The directorate has summoned several music company heads including Chopra, Kumar, Shridhar Subramaniam and D Sanyal to show cause for not paying royalty to lyricists and composers.

Aditya Chopra

Our Correspondent

Yash Raj Films' head, Aditya Chopra, and the managing director of T-Series, Bhushan Kumar, are among the top names to be summoned by the Enforcement Directorate (ED) for alleged non-payment of royalty to lyricists and music composers. The summons were issued by the Mumbai wing of the agency after an FIR was filed by popular Hindustani classical music singer, Shubha Mudgal, with the Delhi police.

Among the others summoned are Shridhar Subramaniam, president, India and Middle East, Sony Music Entertainment and D Sanyal of Universal Music Group. The agency has already recorded statements by Bhushan Kumar and Vikram Mehra, managing director, Saregama Music.

Hindustan Times, a daily, quoted an ED official saying, "The investigations are on to check where the money has gone."

The summons arrive close on the heels of recent raids by the ED on eight prominent music companies on Friday, 3 November. According to primary assessment after the raids, the officials suggested that several companies had shied away from paying almost 50% of the revenue share to music composers and lyricists. The case is currently being investigated under the Prevention of Money Laundering Act (PMLA) 2002 and the Indian Copyright Act, amended in 2012.
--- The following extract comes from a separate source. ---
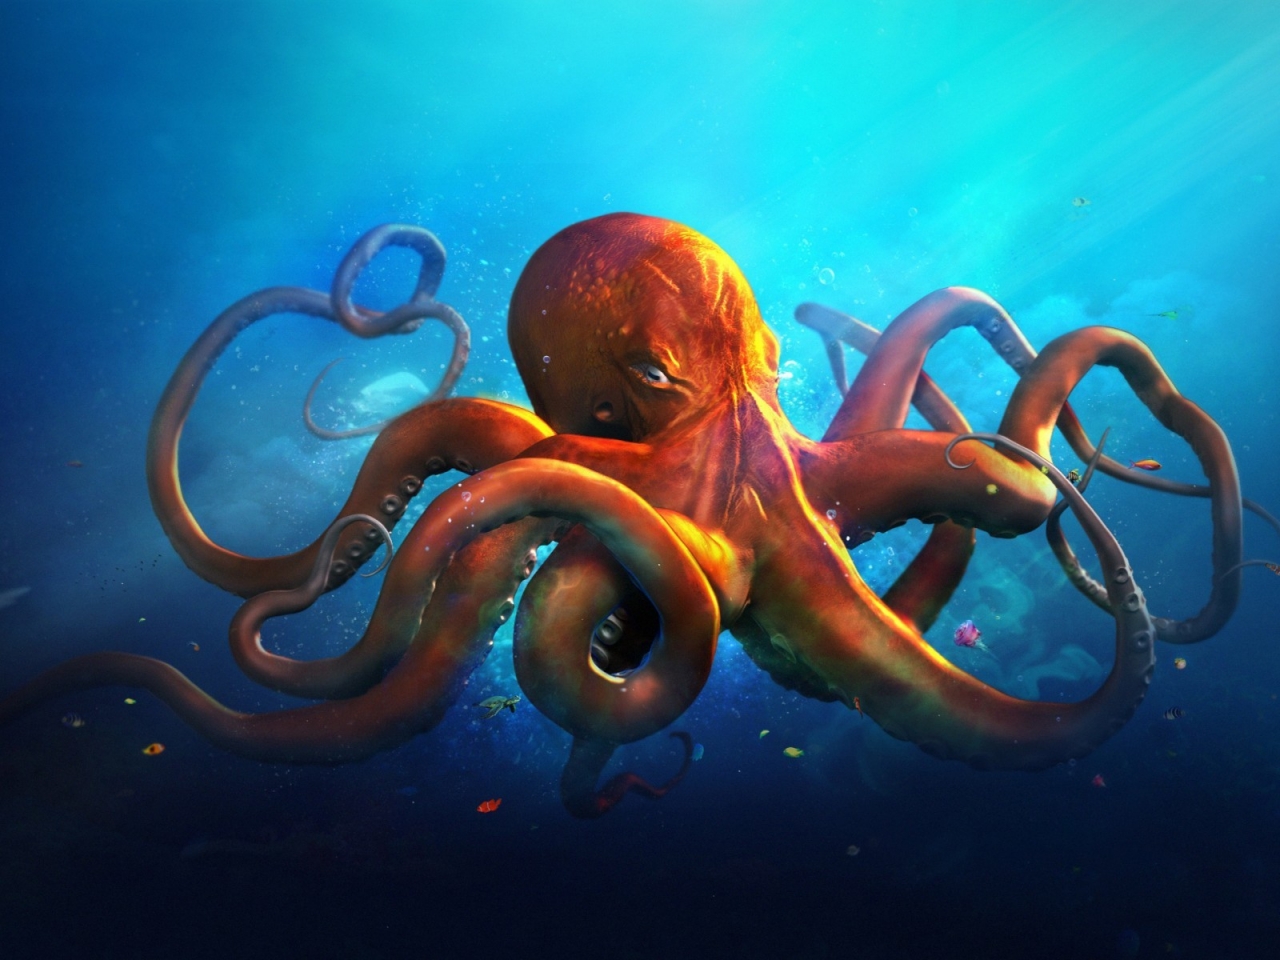 Just an Octopus for 1280 x 960 resolution
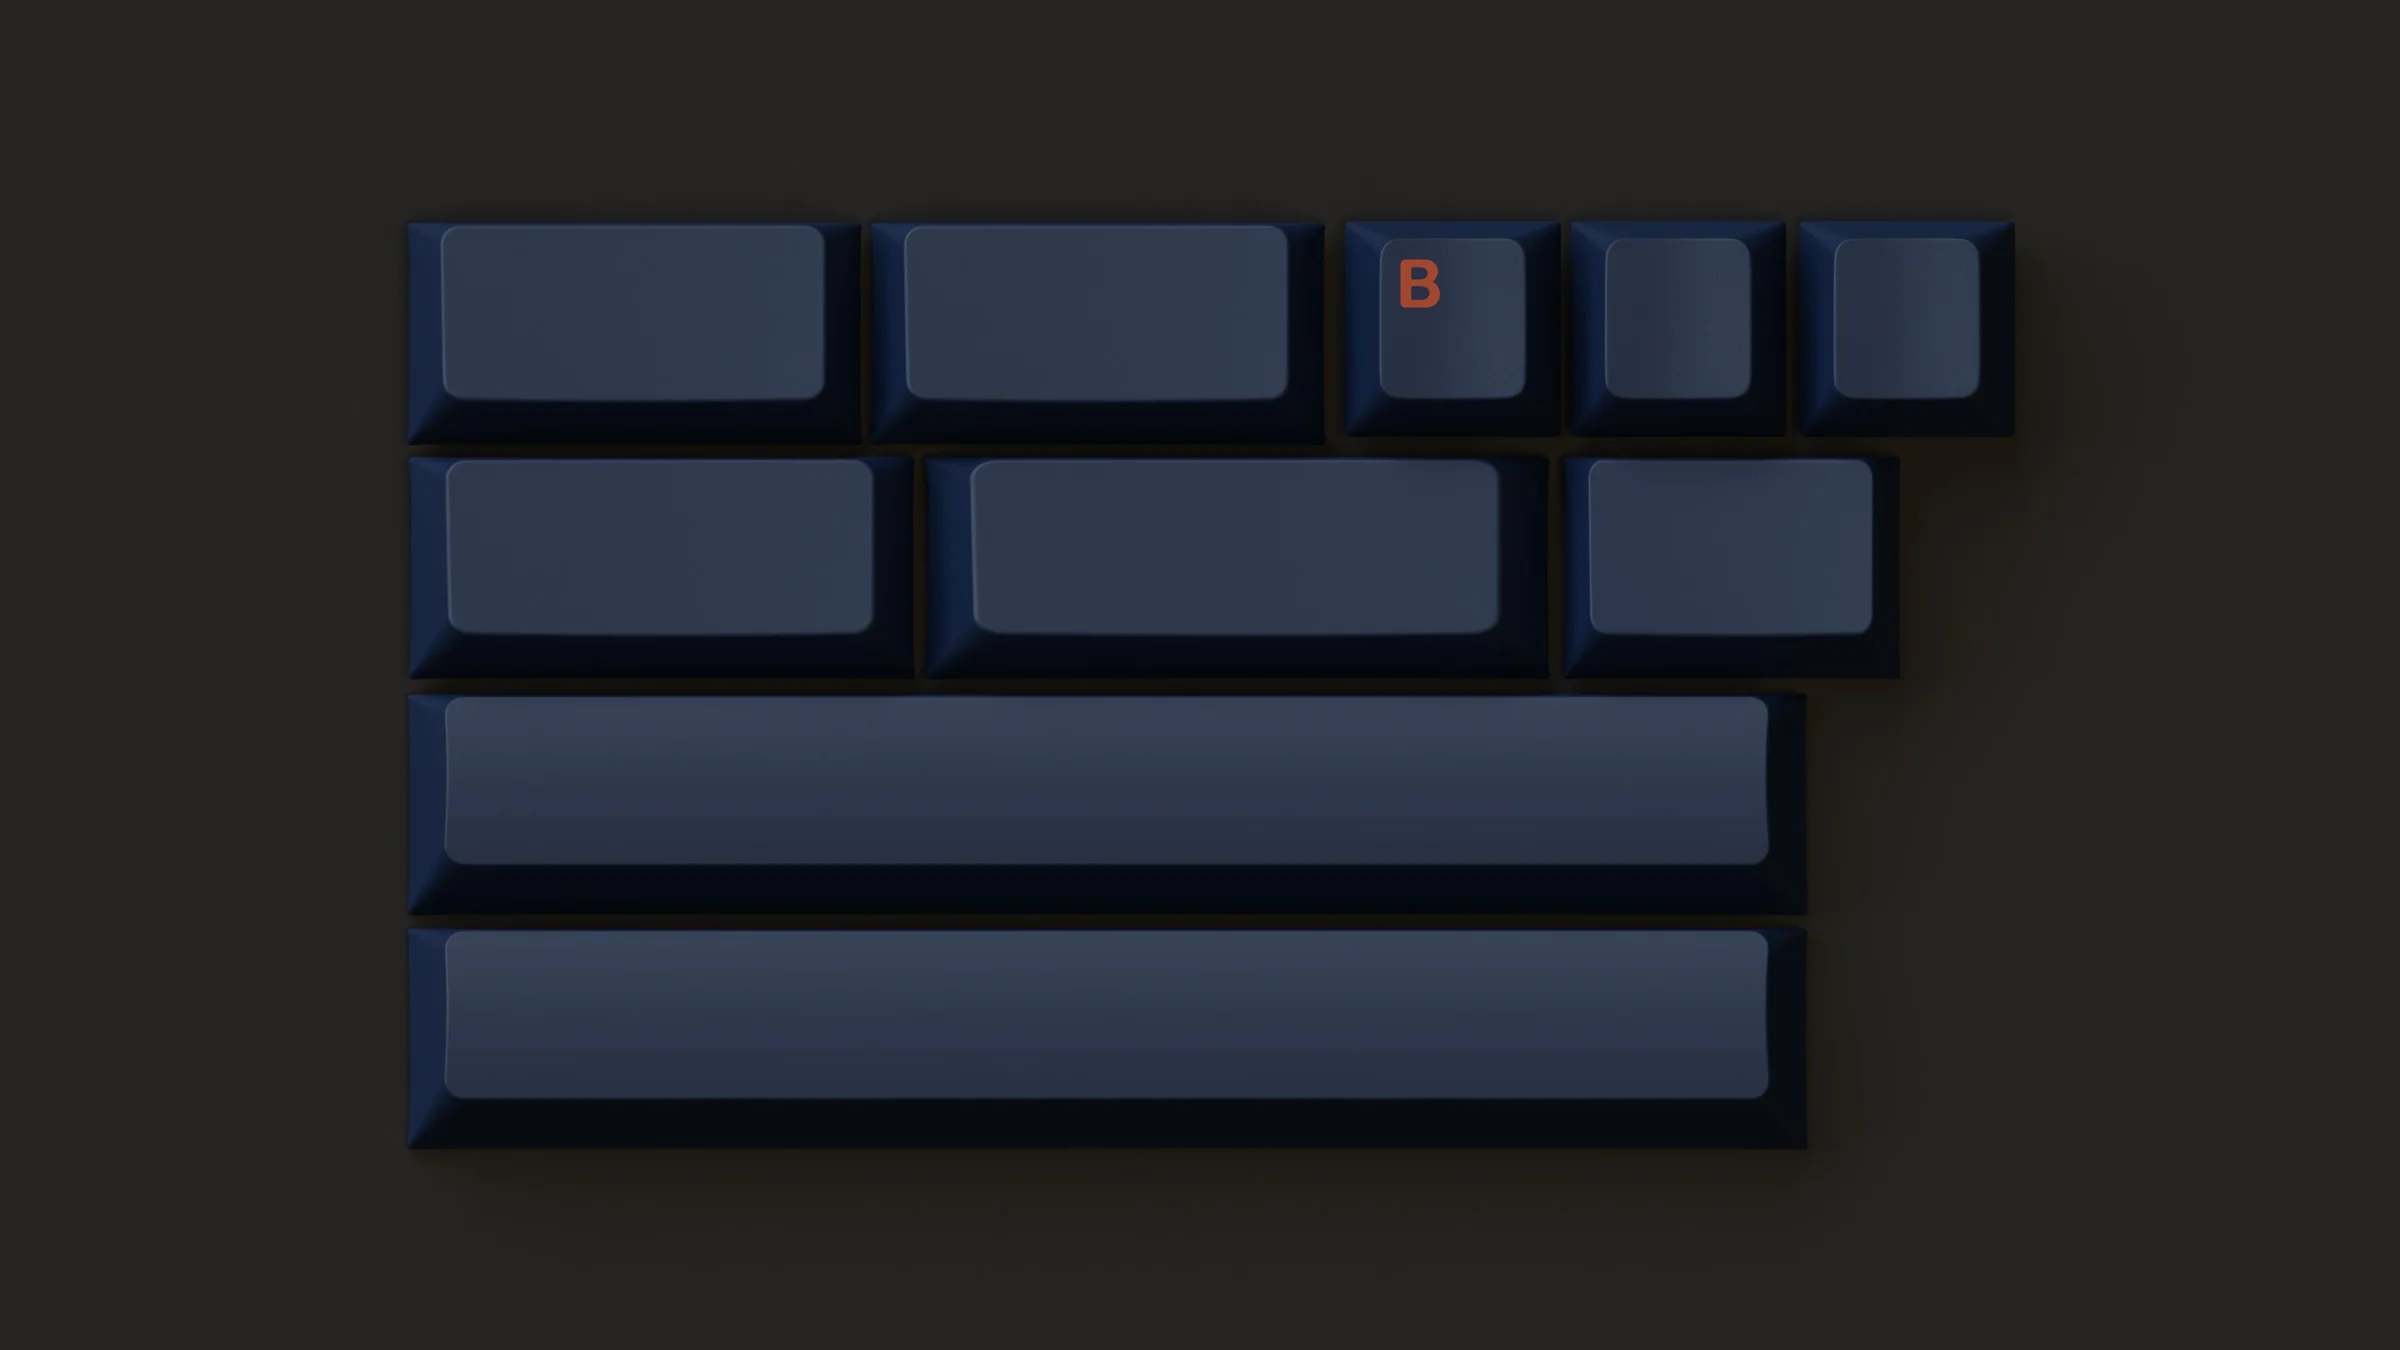 [In Stock] GMK Sunset Surfing Keycap

In a quote to the tabloid, Mid-Day, singer Chitra Singh, who had filed the initial complaint with the ED in December 2016 said, "I wasn't sure as nobody was helping me. It's been a tough fight for a single woman like me. But ED took up my case, thanks to a bunch of nice officers in Mumbai. Now I'm confident that the agency will take my case to its logical end and punish the guilty."

Chitra, wife of late Jagjit Singh, had in the wake of the raids said that she is "happy that several other people in the industry, whom I may not know personally, will now get justice. All of us were cheated big time."

The new FIR by Shubha Mudgal also has the Indian Performing Rights Society (IPRS) and Phonographic Performance Limited (PPL) being investigated by the Economic Offences Wing (EOW). Officials have reported that the IPRS and PPL have been ignoring paying up royalties to artistes and singers. Singers and composers are liable to receive a royalty if their compositions are used as caller tunes, or for any other commercial purposes.

The FIR states, "A large amount of money has been amassed by these music companies as royalties in the guise of licence fees, service charges, etc, from telecom operators, TV broadcasters, online platform operators and other digital medium, by claiming to be sole and exclusive owners of the rights. They, on a continuous basis, denied the composers and lyricists their share of royalty."

Heads of the music companies are expected to meet the ED and present an explanation on 9 November.